L’influence des changements de réglementation
Comme on peut le voir, la détérioration est la conséquence directe du développement naturel des voitures. Il a été émis l’hypothèse que les évolutions de la réglementation 2023, qui pour lutter contre le marsouinage entraînaient une remontée du fond de 15 mm, incitaient les équipes à concevoir une bordure de plus en plus complexe pour mieux isoler la zone du soubassement. Cependant, empêcher les turbulences de contaminer l’environnement du fonds aurait été gratifiant même avec l’ancien standard et il est à croire que les voitures auraient évolué de la même manière. Au contraire, les nouveaux pneus développés par Pirelli fonctionnent à des pressions avant entre 1 et 2 psi inférieures à celles de 2022, augmentant l’adhérence avant et luttant contre le sous-virage. Toutes les équipes ont ainsi rattrapé l’occasion de concevoir des ailes avant plus épuisées que par le passédont les profils se déclinent désormais plus résolument vers l’extérieur en quête d’effet délavage.
Un demi-problème
Les courses de Bahreïn et d’Arabie Saoudite ont enregistré 73 dépassements, légèrement au-dessus des 69 manœuvres effectuées sur les mêmes pistes en 2021. Avant de tirer la sonnette d’alarme, il conviendra toutefois d’attendre un échantillon plus large de courses, bien que l’involution à partir de 2022 semble être un fait. La tendance est inquiétante, mais il y a une différence entre tirer la sonnette d’alarme et parler d’un « problème ». La quantité de dépassements ne coïncide pas toujours avec la qualité, car une manœuvre préparée en dix tours suscite bien plus d’émotions qu’un dépassement sur autoroute en ligne droite avec DRS ouvert. Des dépassements qui ne sont plus extrêmement faciles pourraient même aider le spectacle, compliquant les possibilités de retour d’un Red Bull pénalisé sur la grille ou perdant la tête de la course au départ, alors qu’en 2022 Verstappen, avec un RB18 dominant, a pu s’imposer. de n’importe quel endroit.
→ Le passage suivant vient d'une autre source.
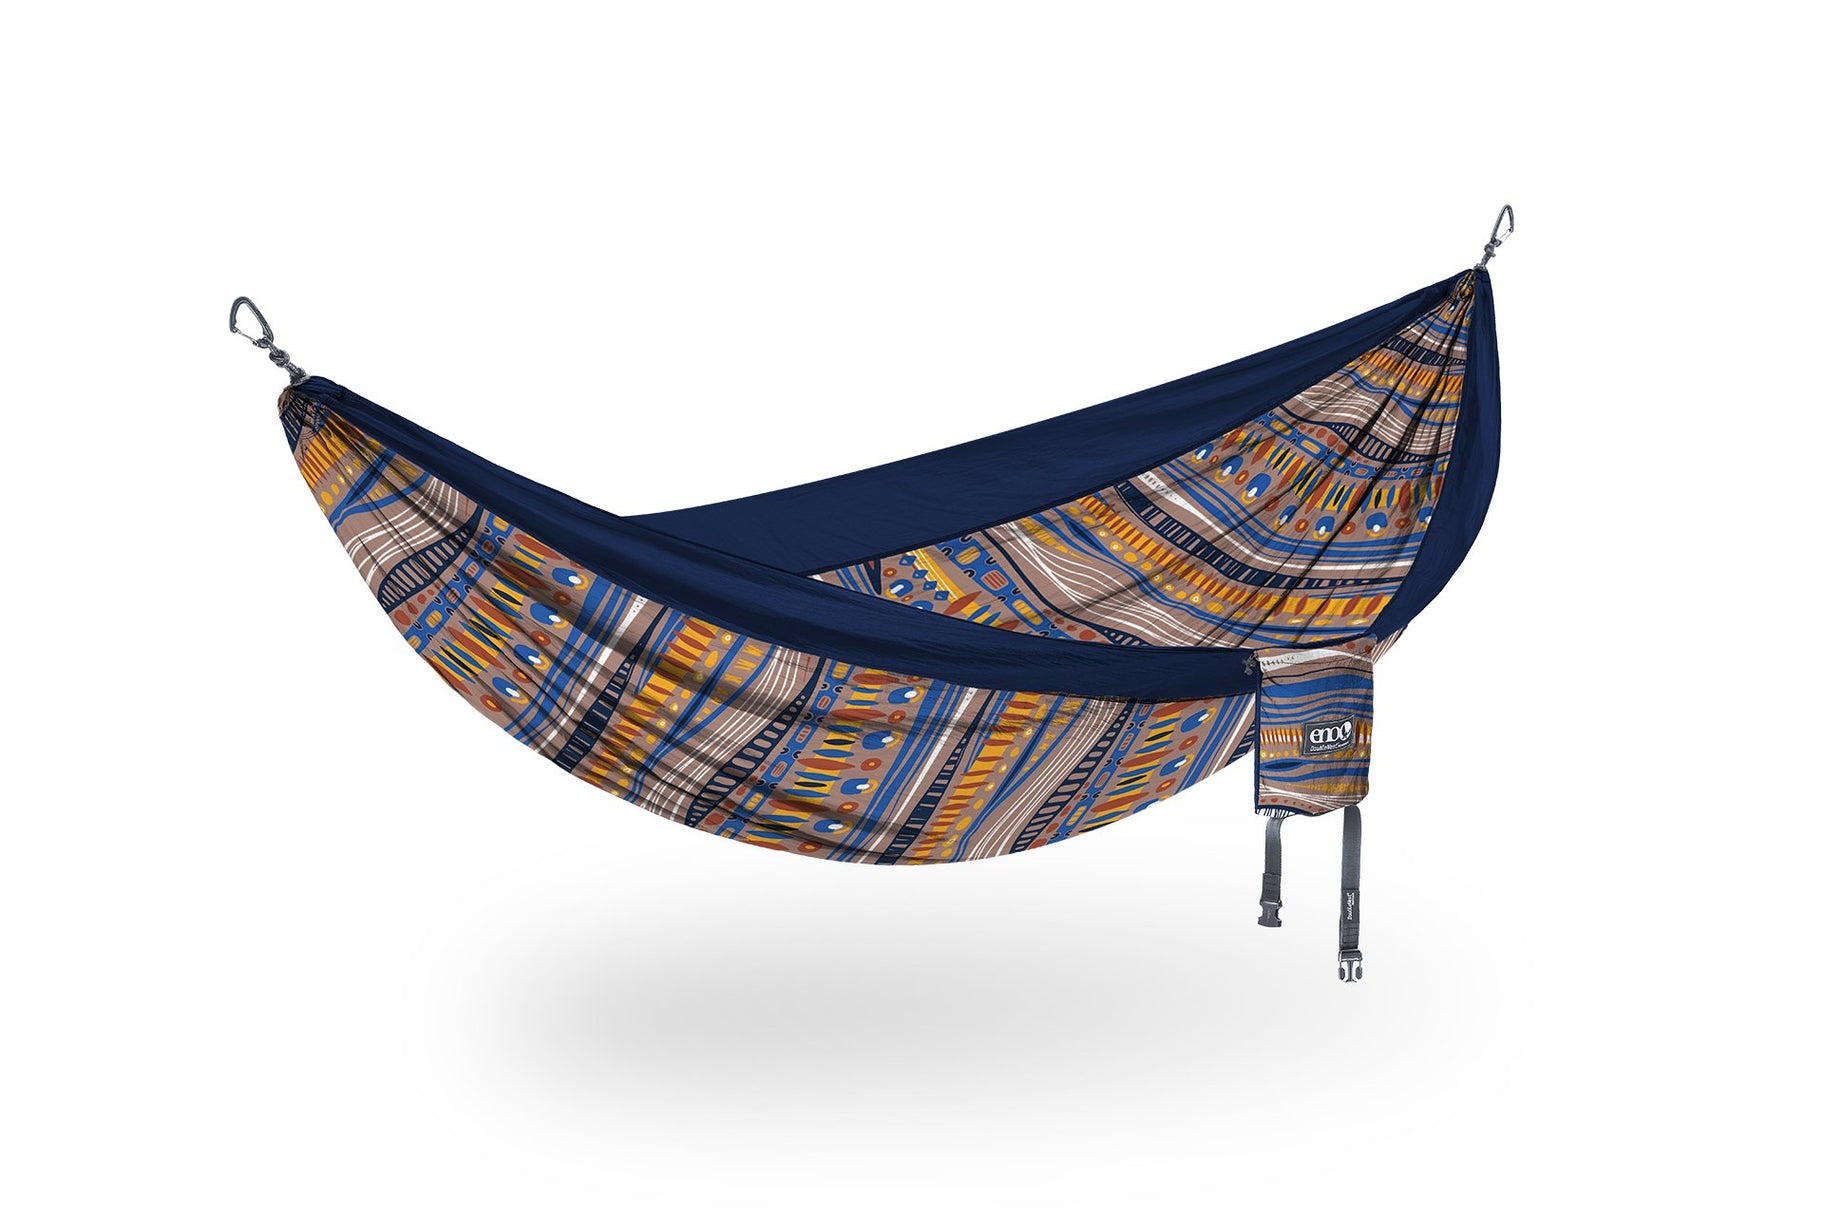 ENO DoubleNest Print hammock in Tundra/Navy

Les résultats les plus anormaux et extraordinaires de la Formule 1 récente, comme le doublé McLaren à Monza ou la victoire d’Alpine à Budapest en 2021, découlent précisément d’erreurs commises au départ ou en stratégie par les meilleures équipes, difficilement récupérables en course. . Il est vrai que Hamilton et Verstappen se sont retirés à Monza, mais aucun d’eux ne semblait pouvoir inquiéter Ricciardo de toute façon. À l’inverse, les plus grandes possibilités de dépassement des voitures de Formule 1 à effet de sol ont également animé les courses d’un point de vue stratégique, encourageant des stratégies agressives à deux arrêts plutôt que de défendre la position de piste avec un seul arrêt. Il appartiendra à la FIA et à la Formule 1 de prendre acte du changement en cours et, plus difficile, de trouver le compromis optimal entre nombre et difficulté de dépassement.